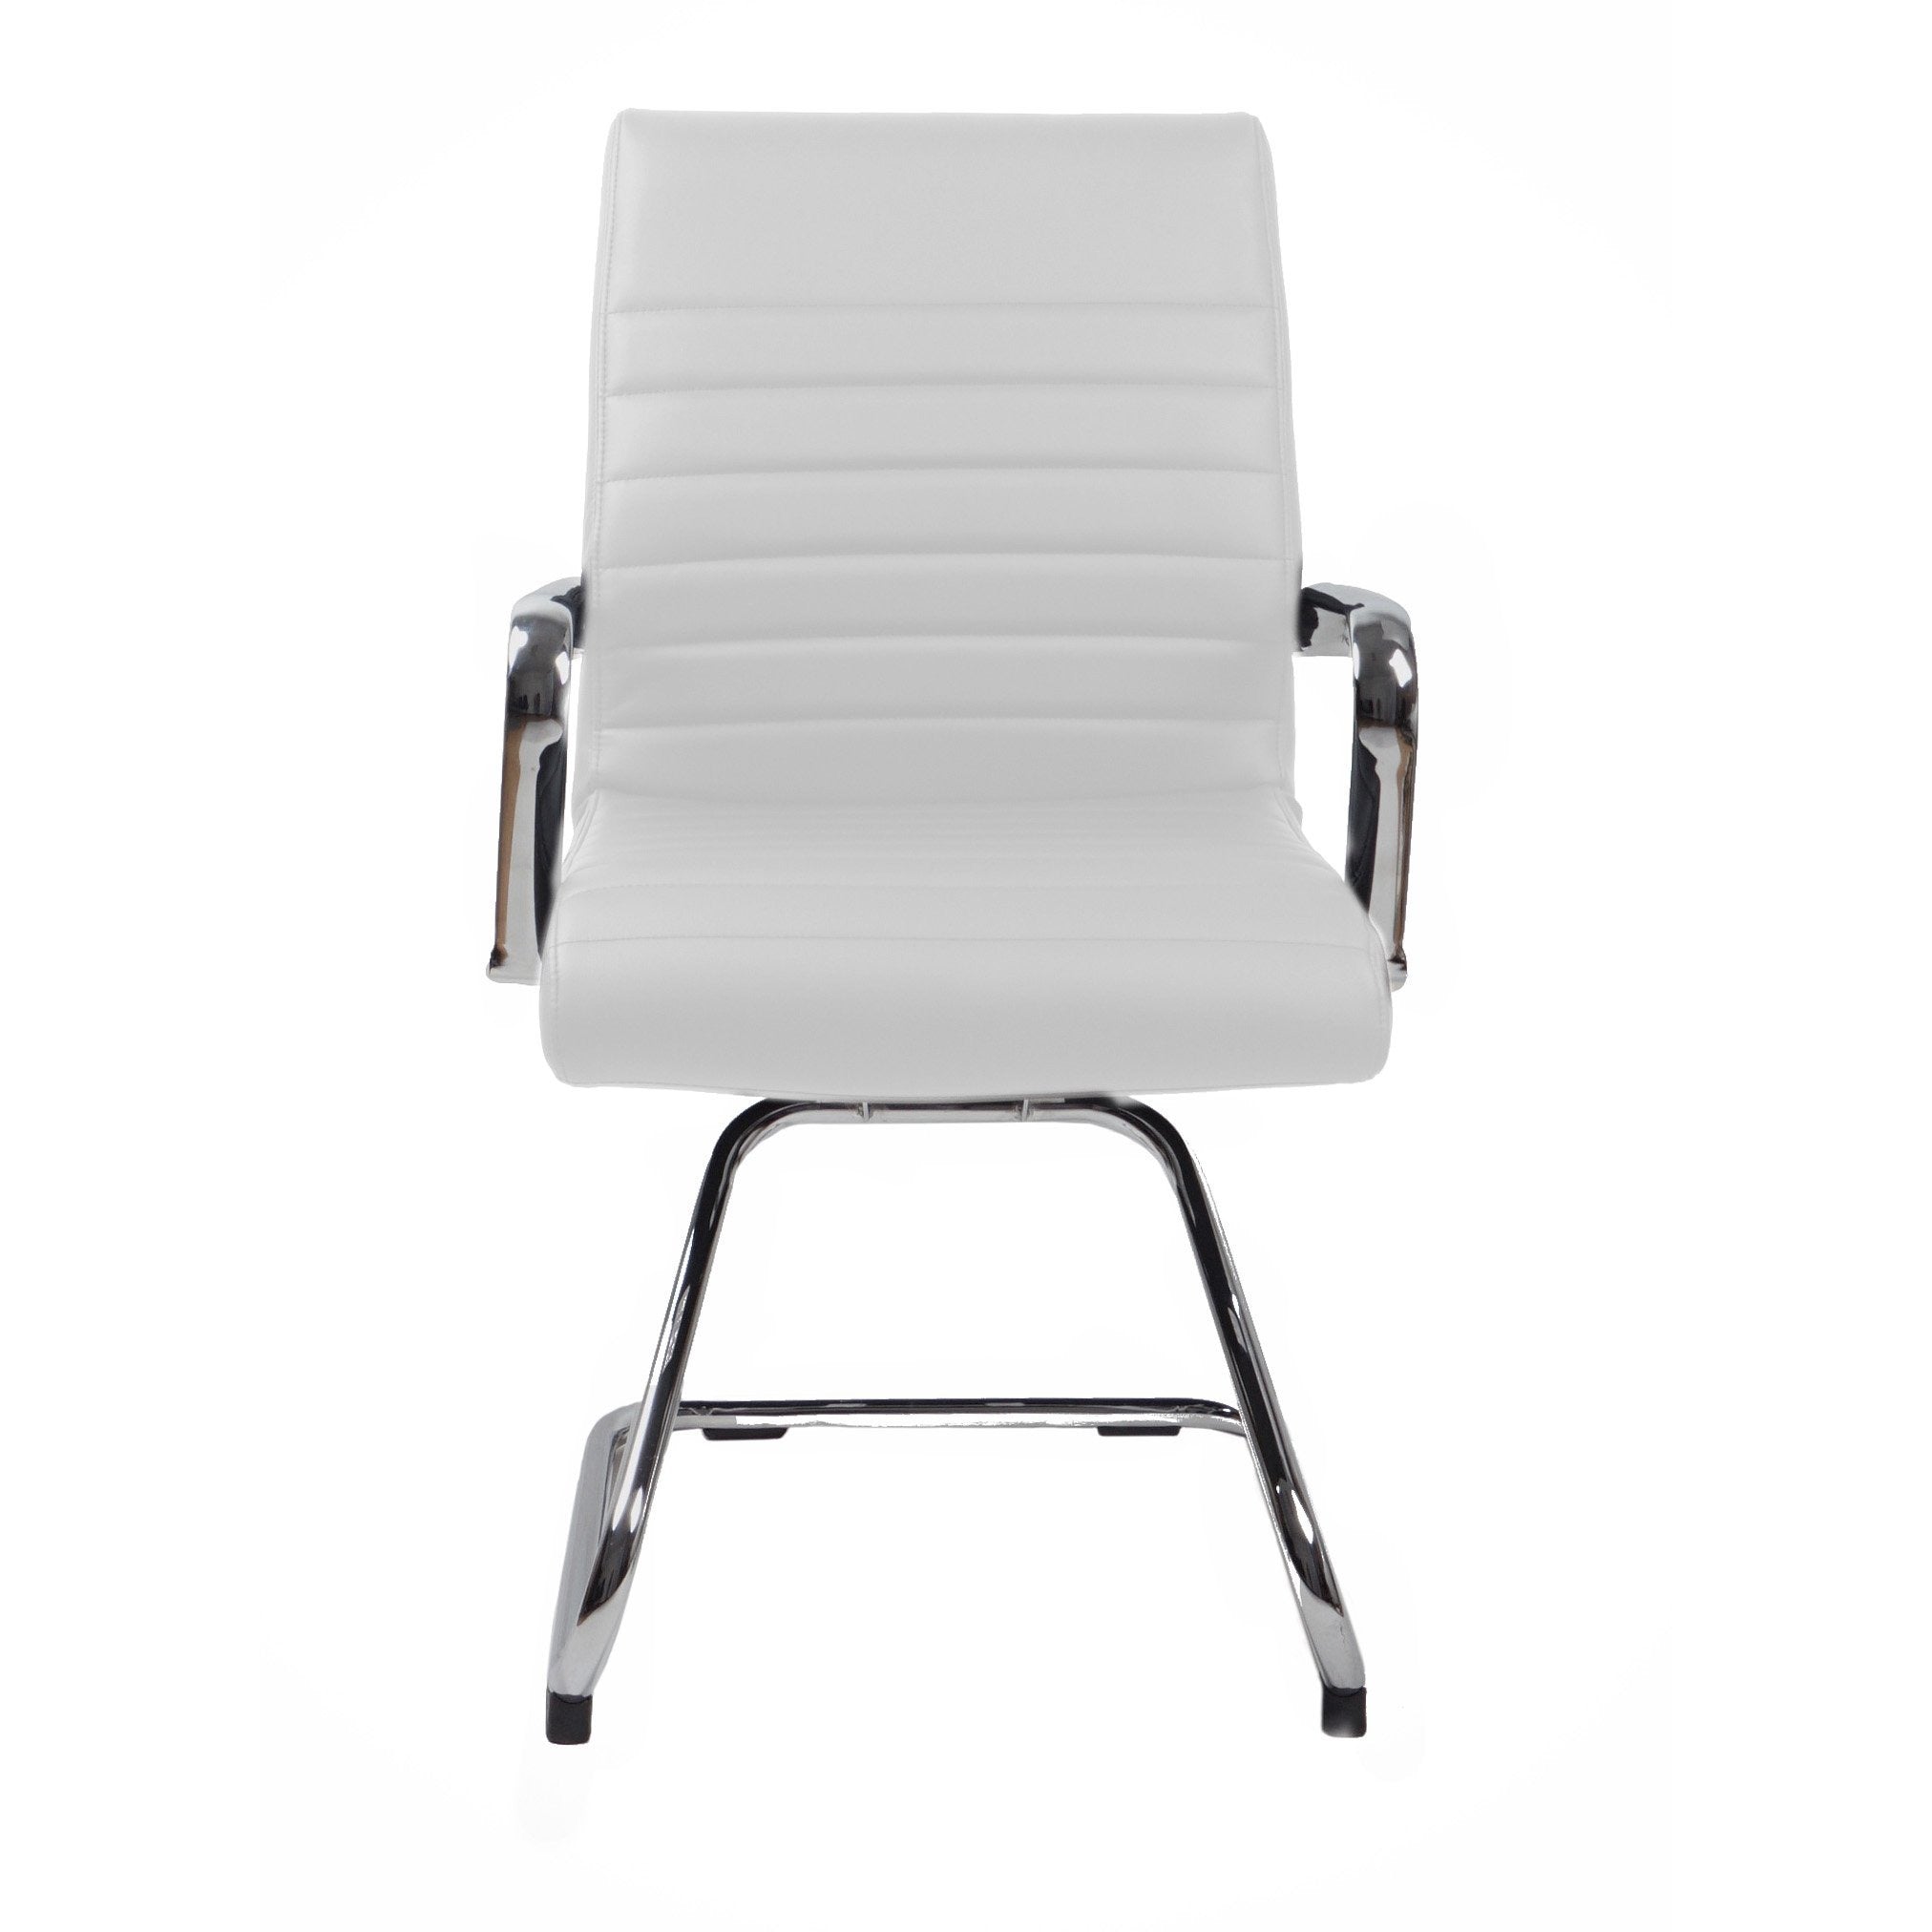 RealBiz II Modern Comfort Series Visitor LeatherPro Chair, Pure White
--
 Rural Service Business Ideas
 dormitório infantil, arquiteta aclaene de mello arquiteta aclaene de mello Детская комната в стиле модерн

## Your goal
Output the material above exactly, but only from the line that carries "Rural Service Business Ideas" through the line that carries "dormitório infantil, arquiteta".

## Completed task
 Rural Service Business Ideas
 dormitório infantil, arquiteta aclaene de mello arquiteta aclaene de mello Детская комната в стиле модерн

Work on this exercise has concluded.